For join-heavy queries, the optimizer can use Bloom filters to reduce data movement:

```sql
-- Bloom filter can pre-filter orders before join
SELECT * FROM orders o
JOIN customers c ON o.customer_id = c.id
WHERE c.region = 'US';
```

The filter on `customers.region` creates a Bloom filter that filters `orders` early.

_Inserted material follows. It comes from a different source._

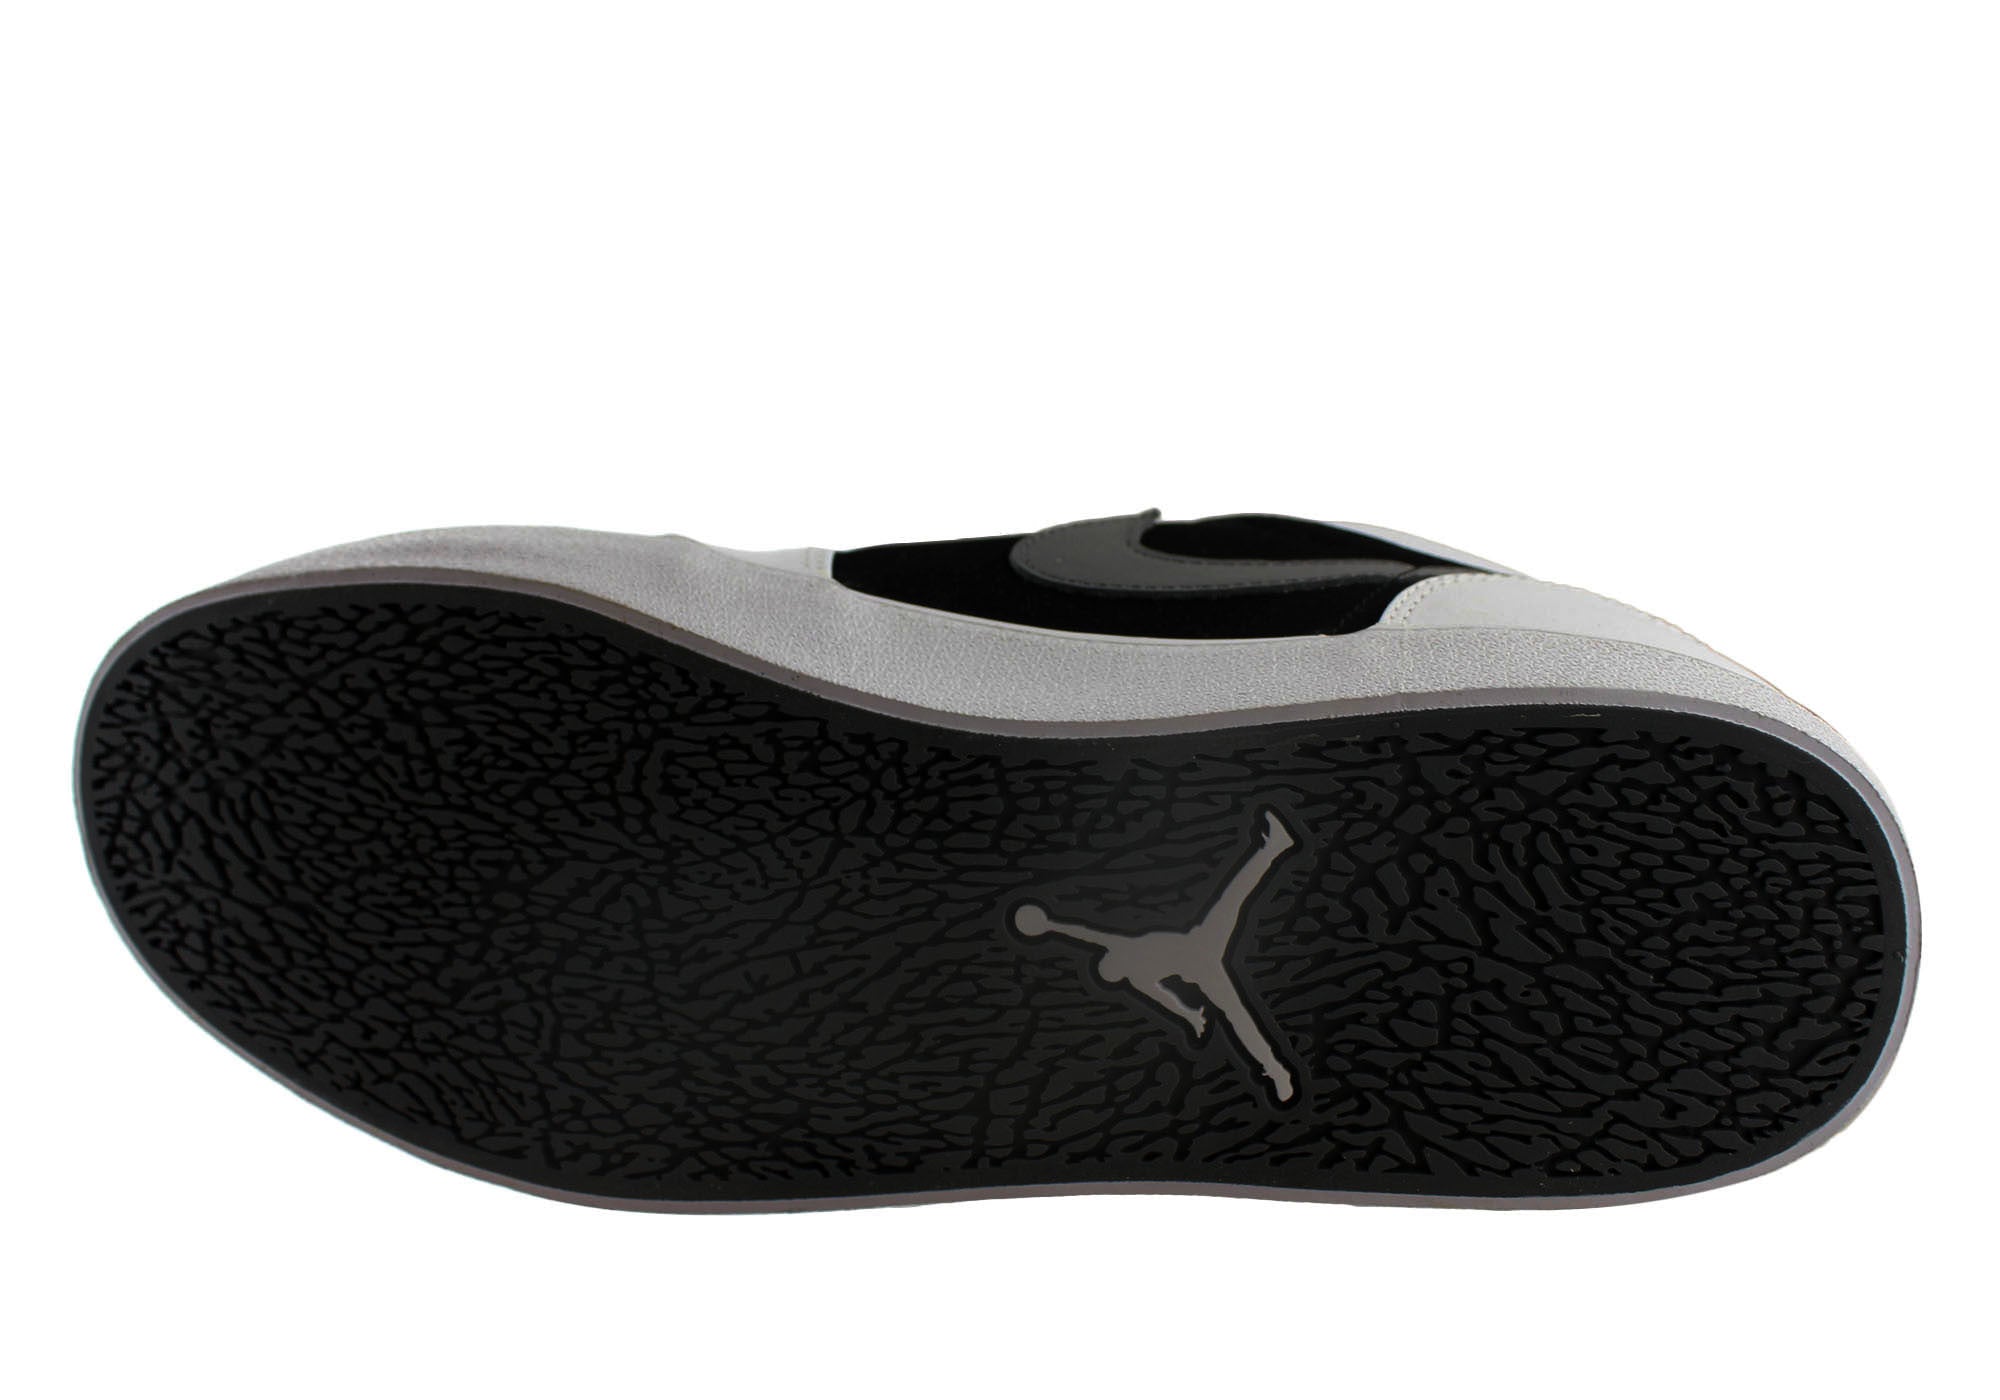 Nike Jordan AJ V.2 Low Mens Casual Lace Up Sneakers

## Expression Simplification

The optimizer simplifies expressions when possible:

### Constant Folding

```sql
-- Before: SELECT * FROM t WHERE x > 1 + 1
-- After:  SELECT * FROM t WHERE x > 2
```

### Boolean Optimization

```sql
-- Before: SELECT * FROM t WHERE true AND x > 5
-- After:  SELECT * FROM t WHERE x > 5

-- Before: SELECT * FROM t WHERE false OR x > 5
-- After:  SELECT * FROM t WHERE x > 5
```

### Predicate Merging

```sql
-- Before: WHERE x > 5 AND x > 10
-- After:  WHERE x > 10

-- Before: WHERE x = 5 AND x = 5
-- After:  WHERE x = 5
```

## Viewing Query Plans

### EXPLAIN

Shows the planned execution strategy:

```sql
EXPLAIN SELECT * FROM users WHERE id = 1;
```

Output:
```
plan
----
SELECT
  Columns: *
  -> PK Lookup on users
       id = 1
```

### EXPLAIN ANALYZE

Shows the plan with actual runtime statistics:

```sql
EXPLAIN ANALYZE SELECT * FROM users WHERE status = 'active';
```

Output:
```
plan
----
SELECT (actual time=2.5ms, rows=1500)
  Columns: *
  -> Seq Scan on users (actual rows=1500)
       Filter: (status = 'active')
```

## Best Practices

### Keep Statistics Updated

Run ANALYZE after significant data changes:

```sql
-- After bulk insert
INSERT INTO orders SELECT * FROM staging_orders;
ANALYZE orders;
```

### Create Appropriate Indexes

The optimizer can only use indexes that exist:

```sql
-- Create index for common query patterns
CREATE INDEX idx_orders_status ON orders(status);
CREATE INDEX idx_orders_customer_date ON orders(customer_id, order_date);
```

### Use EXPLAIN to Understand Plans

Before optimizing, understand current behavior:

```sql
-- Check what plan is being used
EXPLAIN ANALYZE SELECT * FROM orders WHERE customer_id = 100;
```

### Consider Query Patterns

Design indexes based on how queries filter and join:

```sql
-- If queries often filter by status and date together
CREATE INDEX idx_orders_status_date ON orders(status, order_date);
```

## Cost Constants

The optimizer uses these tunable constants:

| Constant | Description | Default |
|----------|-------------|---------|
| cpu_tuple_cost | Cost to process one row | 0.01 |
| cpu_operator_cost | Cost to evaluate one predicate | 0.0025 |
| seq_page_cost | Cost for sequential I/O | 1.0 |
| random_page_cost | Cost for random I/O | 2.0 |
| pk_lookup_cost | Cost for primary key lookup | 1.0 |

These values are tuned for in-memory operation and may differ from disk-based databases.